Fin 2021, la Pologne affrontait une série de défis majeurs : une crise migratoire à sa frontière orientale sur pression de la Biélorussie, et des relations tendues avec l’Union européenne (UE) sur le droit et les valeurs européennes avec la mise en place de premières sanctions. Cette situation constitue-t-elle un risque de « Polexit » ?
Les 3 et 4 décembre 2021, s’est tenue, à Varsovie, une réunion rassemblant les 15 principaux mouvements d’extrême droite européens sous l’égide du parti Droit et justice (PiS) du président Andrzej Duda, au pouvoir depuis 2015 et réélu pour cinq ans en 2020. Cet événement d’ampleur inédite indique que le PiS s’est hissé à la tête de la contestation eurosceptique en prônant un nouvel ordre culturel et politique, aussi bien sur le plan des valeurs que sur celui de l’État de droit.
Bras de fer avec Bruxelles
L’entrée de la Pologne dans l’UE en mai 2004 avait été saluée comme le symbole d’un retour à l’Europe et d’une réunification, rappelant le rôle de ce pays dans l’histoire du continent et l’apport de ses intellectuels et artistes aux mouvements culturels depuis la Renaissance. L’année suivant cette adhésion, la victoire du PiS aux législatives a révélé une déception de la population et une défiance vis-à-vis de l’UE. Elle est un échec pour les formations pro-européennes et libérales polonaises, qui prendront leur revanche lors des élections législatives anticipées de 2007, avec la victoire de la Plate-forme civique de Donald Tusk (2007-2014).

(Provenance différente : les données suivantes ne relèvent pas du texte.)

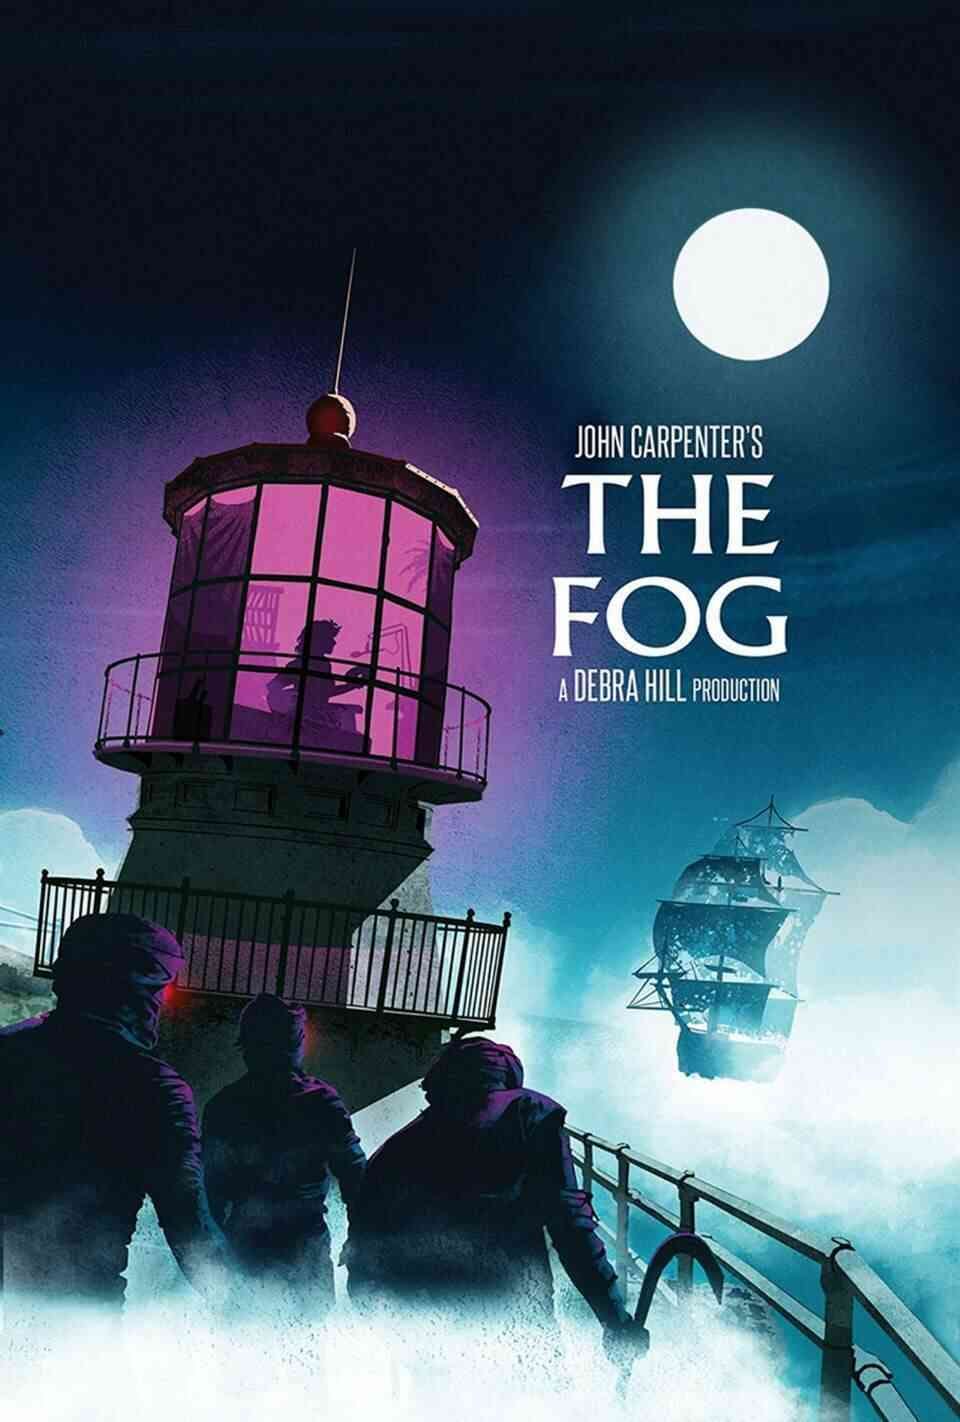 Read The Fog screenplay.
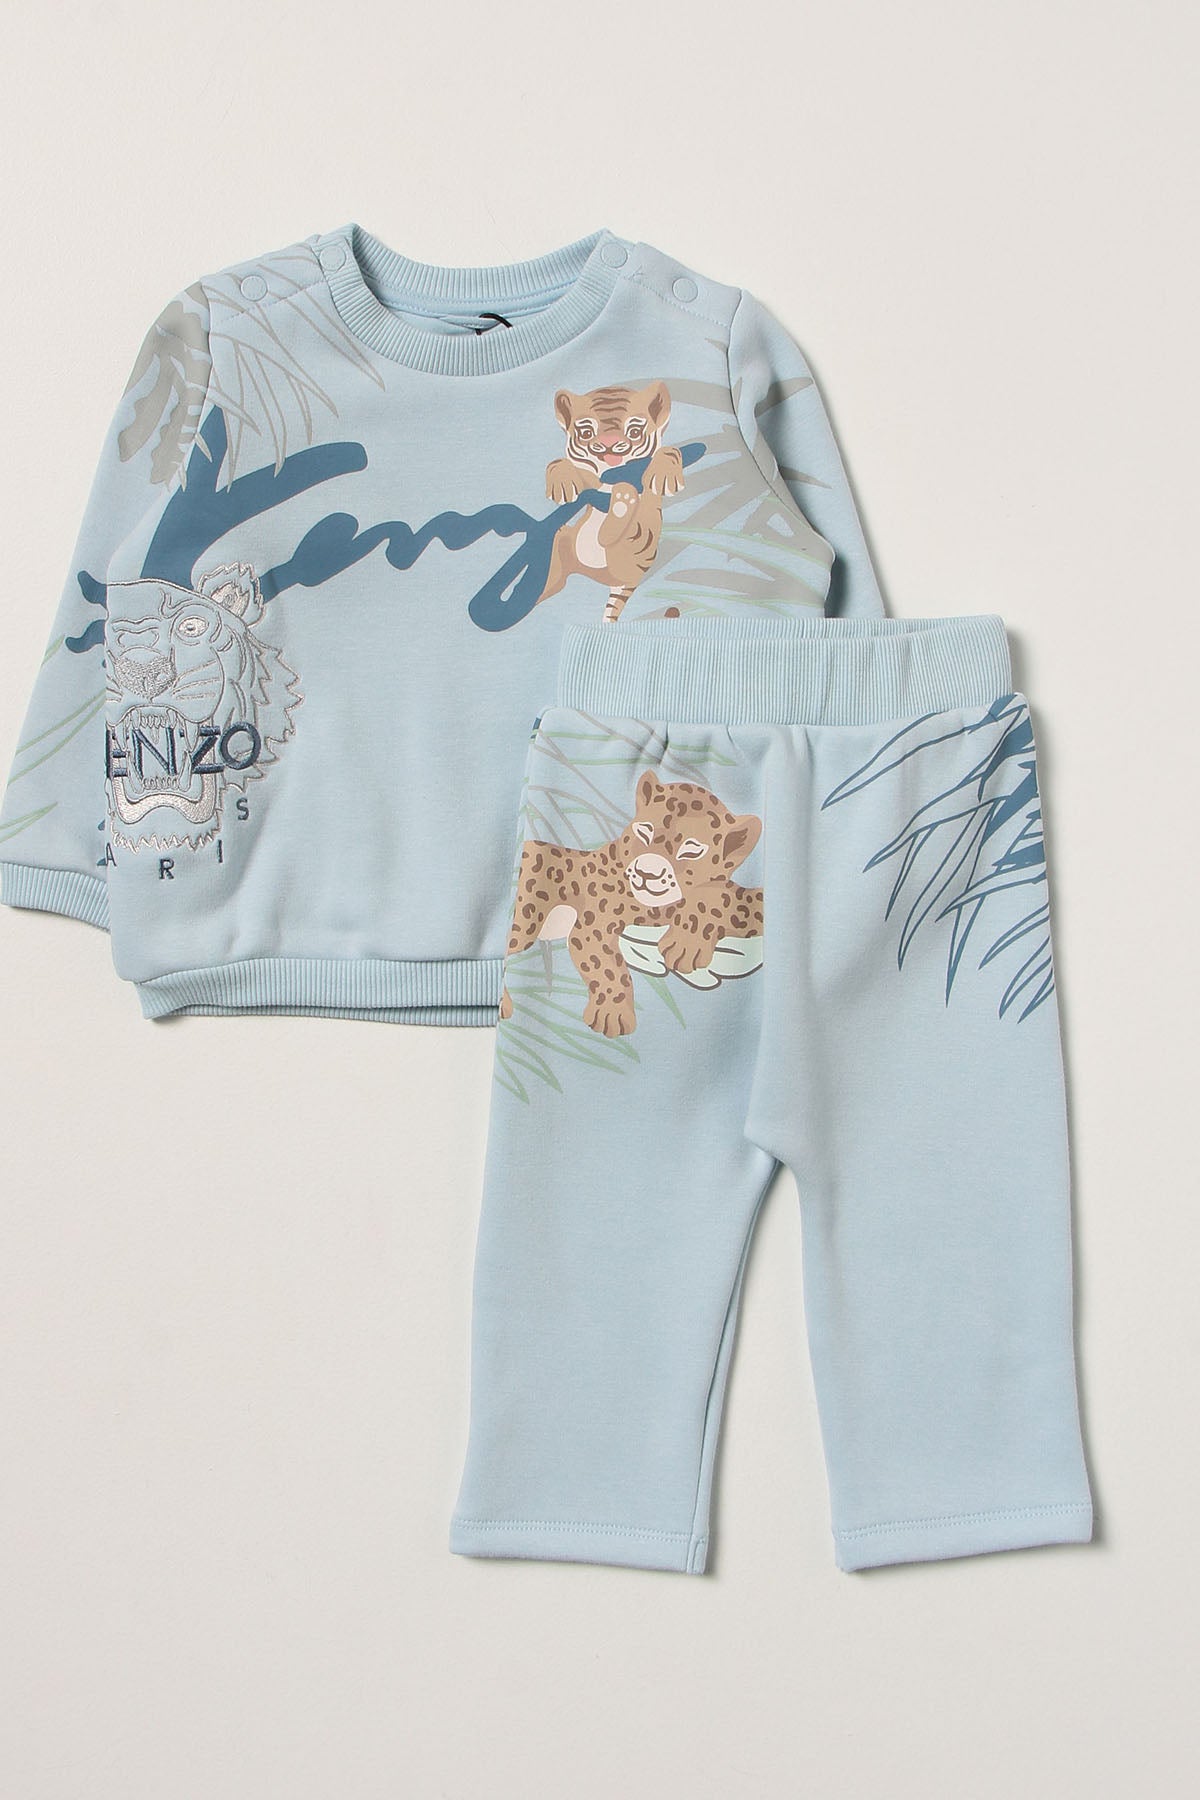 Kenzo Kids 6-12 Ay Erkek Bebek Logolu Eşofman Takımı-Libas Trendy Fashion Store

La stratégie du PiS est de chercher à transformer l’UE de l’intérieur plutôt que de la quitter. En octobre 2016, Varsovie invite le Premier ministre hongrois, Viktor Orban (depuis 2010), pour préconiser conjointement une « contre-révolution culturelle en Europe », basée sur les valeurs traditionnelles que sont la famille, la nation et l’Église. L’exécutif s’attaque aux contre-pouvoirs institutionnels en imposant la nomination de juges proches du pouvoir à la Cour constitutionnelle, remettant en cause l’indépendance de la justice. Il instaure de facto un système autoritaire provoquant une crise avec les institutions européennes qui trouve son paroxysme dans la décision de la Cour constitutionnelle polonaise du 7 octobre 2021 de déclarer contraires à la Constitution certains articles du traité de l’UE, rejetant ainsi la primauté du droit européen sur le droit national. En réaction, le 18 octobre, la Commission européenne gèle le versement de la première tranche du plan de relance « NextGenerationEU », soit 5 milliards d’euros sur 36 milliards prévus pour la Pologne. Le 27 octobre, c’est la Cour de justice de l’UE qui impose à Varsovie la plus haute amende jamais infligée à un État membre : un million d’euros par jour pour refus de suspendre l’application de la loi dite « muselière » relative au régime disciplinaire des juges.
Du front antimigrant à la crise migratoire européenne
Avec la Roumanie, la Pologne est l’État de l’UE où la part des étrangers est la plus faible : 0,8 % en 2020, dix fois moins que la moyenne européenne. Avec un taux de natalité de 1,46 enfant par femme et une importante émigration des jeunes vers l’ouest du continent, le pays fait face à un vieillissement de sa population. Varsovie refuse pourtant, avec ses alliés du groupe de Visegrád (Hongrie, Slovaquie et République tchèque), lors de la crise migratoire de 2015, la politique de quota prévue par le « plan Juncker », mettant en échec le système de répartition obligatoire des demandeurs d’asile. La donne change à l’été 2021. En réponse aux sanctions occidentales contre la Biélorussie après la répression en 2020, le président Alexandre Loukachenko (depuis 1994) attire, avec des réseaux de passeurs, des réfugiés en provenance du Moyen-Orient pour les inciter à franchir la dyade polonaise. Face à cet afflux, la Pologne a déployé quelque 15 000 militaires à sa frontière, laissant des migrants piégés en Biélorussie dans une crise humanitaire accrue par l’hiver.
Un « Polexit » ne semble pourtant pas à l’ordre du jour. La majorité des Polonais (72 %) sont pour que l’UE n’accorde des fonds aux États membres qu’à condition que leur gouvernement respecte et mette en œuvre le principe de l’État de droit et les principes démocratiques, selon une enquête « Eurobaromètre » d’août 2021. Seuls 5 % d’entre eux souhaitent que la Pologne quitte l’UE.